Objectives: We developed recommendations for the clinical management of poor growth and weight gain in Rett syndrome through evidence review and the consensus of an expert panel of clinicians.
Methods: Initial draft recommendations were created based upon literature review and 34 open-ended questions in which the literature was lacking. Statements and questions were made available to an international, multidisciplinary panel of clinicians in an online format and a Microsoft Word–formatted version of the draft via e-mail. Input was sought using a 2-stage modified Delphi process to reach consensus. Items included clinical assessment of growth, anthropometry, feeding difficulties and management to increase energy intake, decrease feeding difficulties, and consideration of gastrostomy.

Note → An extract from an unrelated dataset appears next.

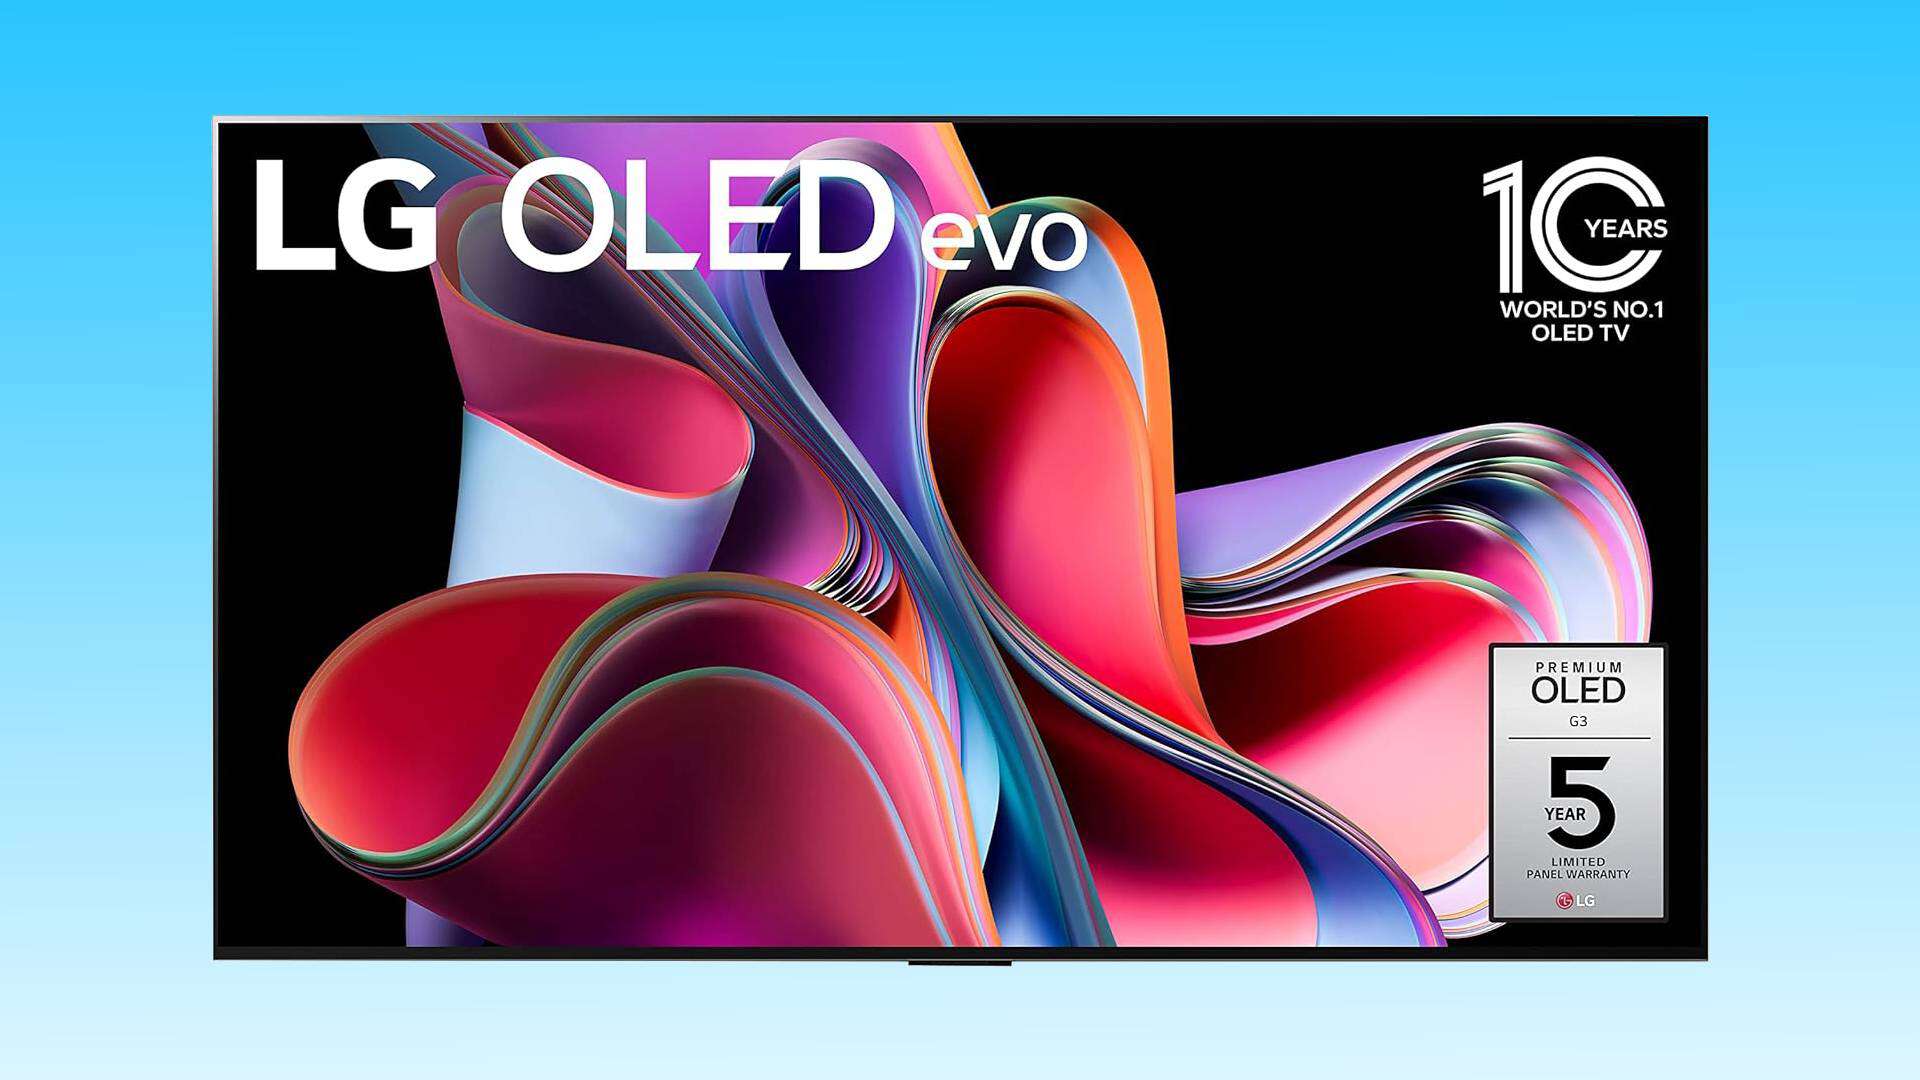 LG OLED EVO TV with colorful abstract design displayed on the screen, advertising its status as the world's no. 1 OLED TV for 10 years, featuring premium OLED technology and a 5

Results: Agreement was achieved on 101 of 112 statements. A comprehensive approach to the management of poor growth in Rett syndrome is recommended that takes into account factors such as feeding difficulties and nutritional needs. A body mass index of approximately the 25th centile can be considered as a reasonable target in clinical practice. Gastrostomy is indicated for extremely poor growth, if there is risk of aspiration and if feeding times are prolonged.
Conclusions: These evidence- and consensus-based recommendations have the potential to improve care of nutrition and growth in a rare condition and stimulate research to improve the present limited evidence base.